El seguía optando por la vida austera y sencilla en lugar del glamour. Mantenía firme el mismo compromiso con los trabajadores y con sus colegas, los autores y compositores. En defensa de sus derechos, se convirtió en un honrado gremialista y llegó a ser secretario y presidente de Sadaic. Fue todo lo contrario del sindicalismo de hoy, con mafias, ideas flacas y bolsillos gordos. Tampoco encajaba en ese perfil de burócrata gris de escritorio. Disfrutaba la vida y la naturaleza. De hecho fue un tenaz defensor del medio ambiente, antes de que la ecología y la cultura verde, se pusieran de moda. Llegó a compartir la sencillez de su casa con 95 perros. Su amor por los animales, los impulsó a crear el MAPA (Movimiento Argentino de Protección de los Animales)
Cátulo hizo de todo. Y todo lo hizo bien. Cosechó premios y distinciones en cantidad. Pero cuando le preguntaban cuál era su oficio, decía que solo era “un ex vendedor de papas y carbón”.
Toda su vida fue pensamiento, acción para honrar la palabra. Tuvo una coherencia inquebrantable. Una tarde lluviosa, como el día que nació, un golpe seco al corazón lo tumbó y se quedó tirado en la lona de la vida por toda la cuenta. Perdió por nocaut, como todos los mortales.

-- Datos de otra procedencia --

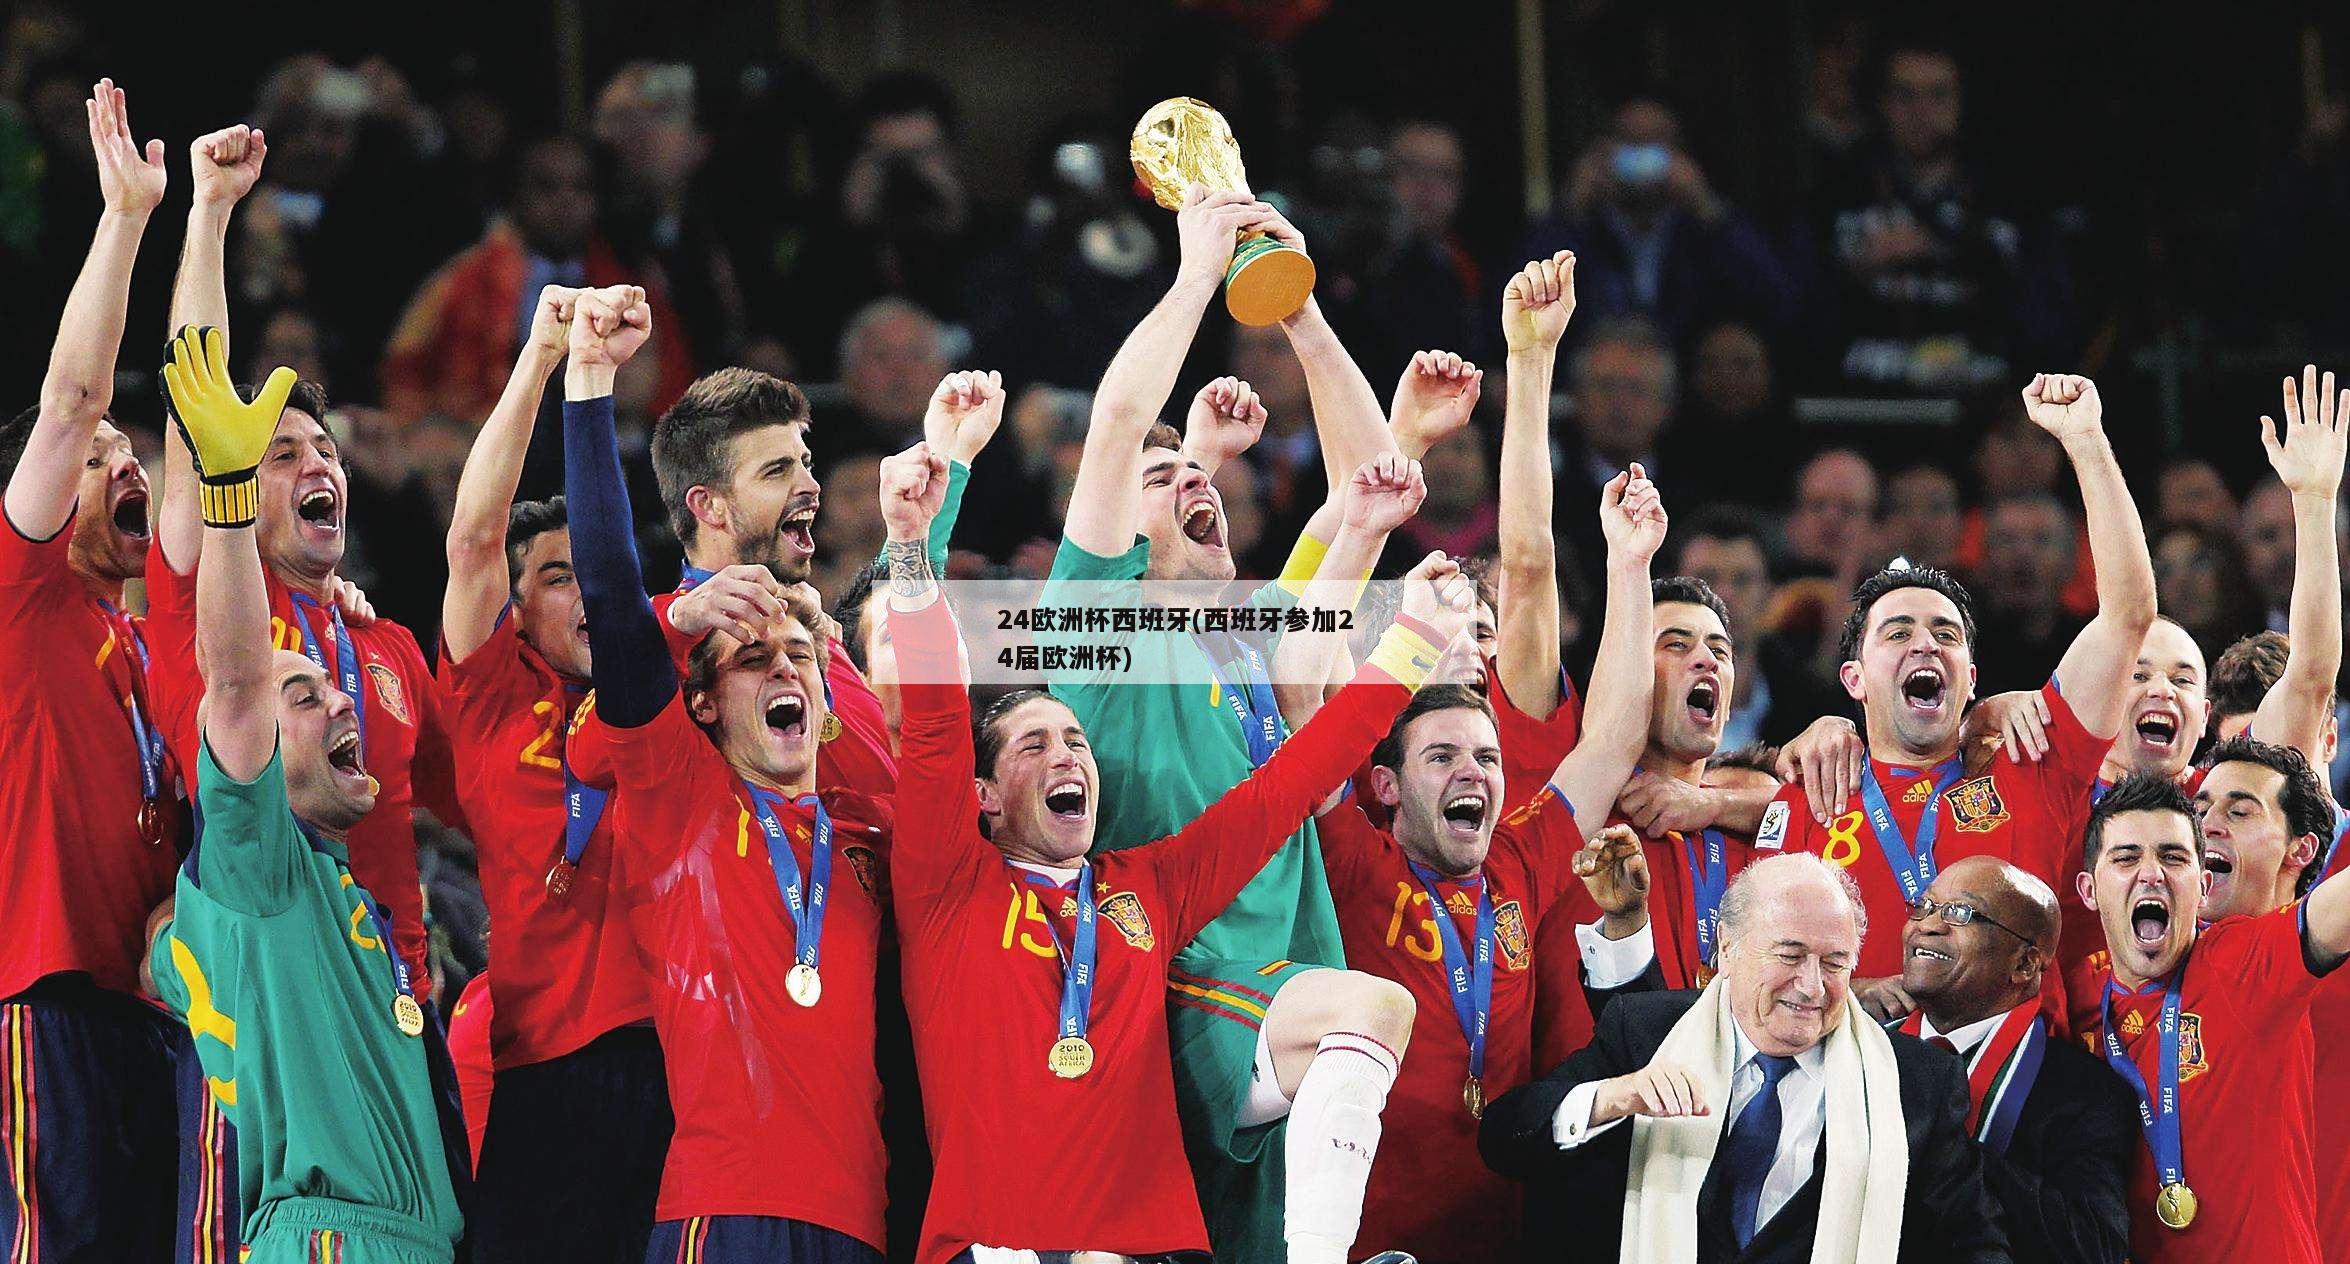 24欧洲杯西班牙(西班牙参加24届欧洲杯)

No se llenaba la boca proclamando ideas y consejo de vida. Los ejercía todos los días. Era un ejemplo. Haz lo que yo digo pero también lo que yo hago.
Un honrado amante de la vida y de los hombres, sin pompa ni bronces ficticios. Estaba dispuesto a darlo todo a cambio, apenas, de una mesa de pocillos humeantes y sabrosos, con amigos en la noche del “Café de los Angelitos”, ´para disfrutar entre reflexiones y discusiones “El último café”…porque llega tu recuerdo en torbellino, vuelve en el otoño a atardecer, miro la garúa y mientras miro, giro la cuchara del café”.
Muchos extrañamos a Cátulo. Es uno de los padres fundadores de nuestra identidad nacional. Es muy necesario su recuerdo para que, junto a otros como Atahualpa, Favaloro, Borges o Gardel, vayamos reformateando lo que somos y lo que queremos ser. Tal vez así encontremos nuestro destino, entre tanta desilusión y desengaño. Chan, chan.